Rep. Ron Paul, R-Texas, earlier proposed a change in the law that would specify that screeners are “not immune from any U.S. law regarding physical contact with another person, making images of another person, or causing physical harm through the use of radiation-emitting machinery on another person.”
“It means they are not above the laws the rest of us must obey,” he wrote at the time.
On the state level, Texas fell narrowly short of moving forward with a bill that would have required “probable cause” for agents to act against a passenger. While the plan was under consideration, the federal government threatened to close down air traffic to and from the state.
U.S. Attorney John E. Murphy asserted that federal agents must be allowed to touch people when and how they want.
“The proposed [Texas] legislation would make it unlawful for a federal agent such as a TSO to perform certain specified searches for the purpose of granting access to a publicly accessible building or form of transportation,” he told Texans at the time. “That provision would thus criminalize searches that are required under federal regulations in order to ensure the safety of the American public.”
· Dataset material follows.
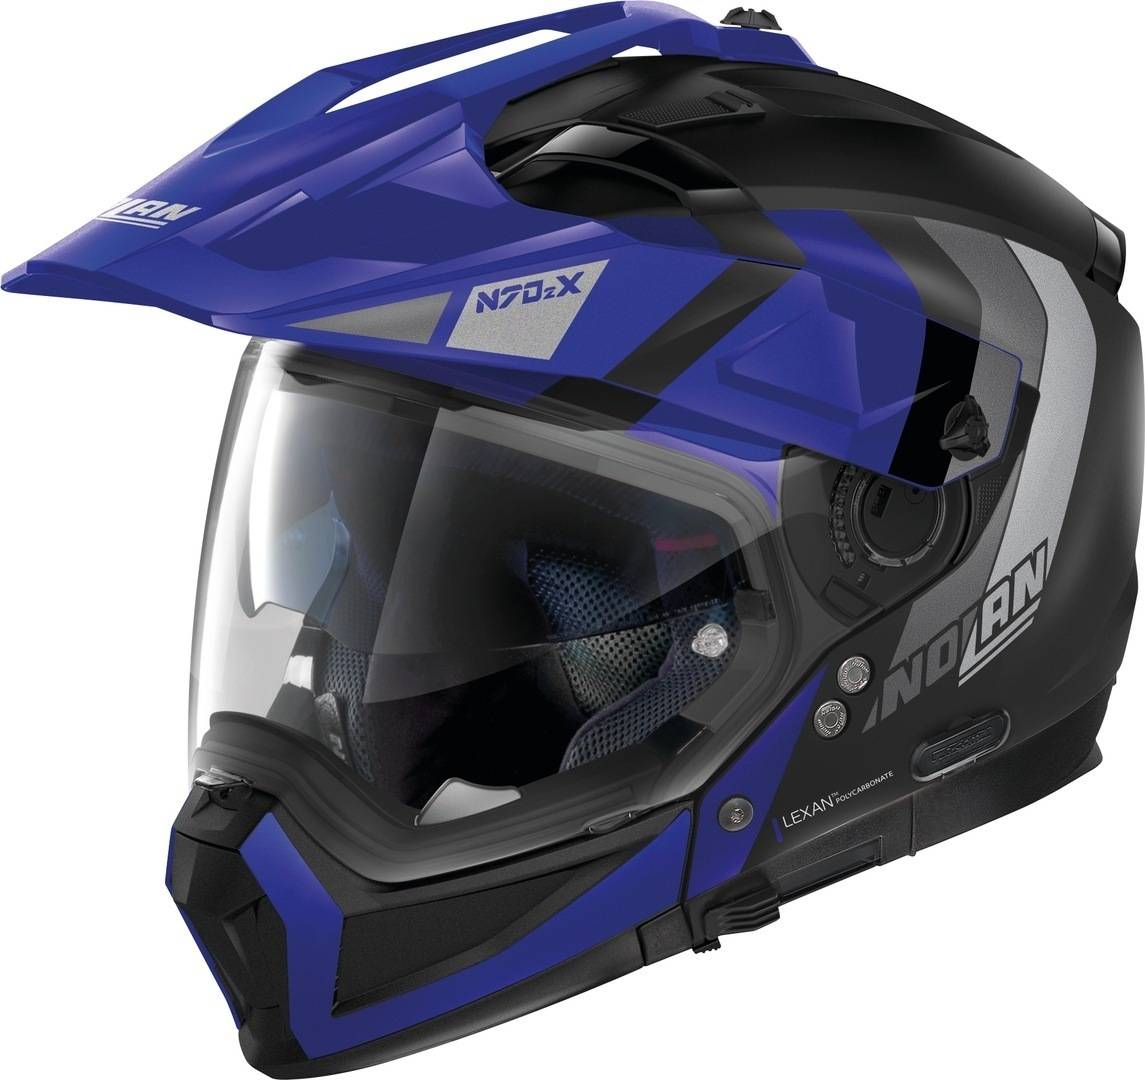 Nolan N70-2 X Decurio N-Com Helmet  - Black Blue - Size: L

Perhaps among the most dramatic expressions of concern came from Miss USA Susie Castillo, who was reduced to tears by federal agents ensuring she was not a terrorist.
Castillo produced a viral video describing her experience at the Dallas-Fort Worth Airport.
“I mean, she actually… touched my vagina,” Castillo said through her tears. “They’re making me … choose to either get molested … or go through this machine that’s completely unhealthy and dangerous. I don’t want to go through it, and here I am crying.”
In a commentary at the Tenth Amendment Center by Connor Boyack with Brian Roberts and Michael Boldin, the organization supported plans to address the traveling public’s concerns.
“Castillo isn’t the only person who would be protected under this Texas legislation. All other innocent travelers would likewise be shielded. That includes the six year old girl who made the headlines last month for being groped by a TSA agent (an action which the TSA defended as being alright since it ‘followed the current standard operating procedures’), as well as the eight-month-old infant subjected to a pat down while cradled in the arms of her mother.”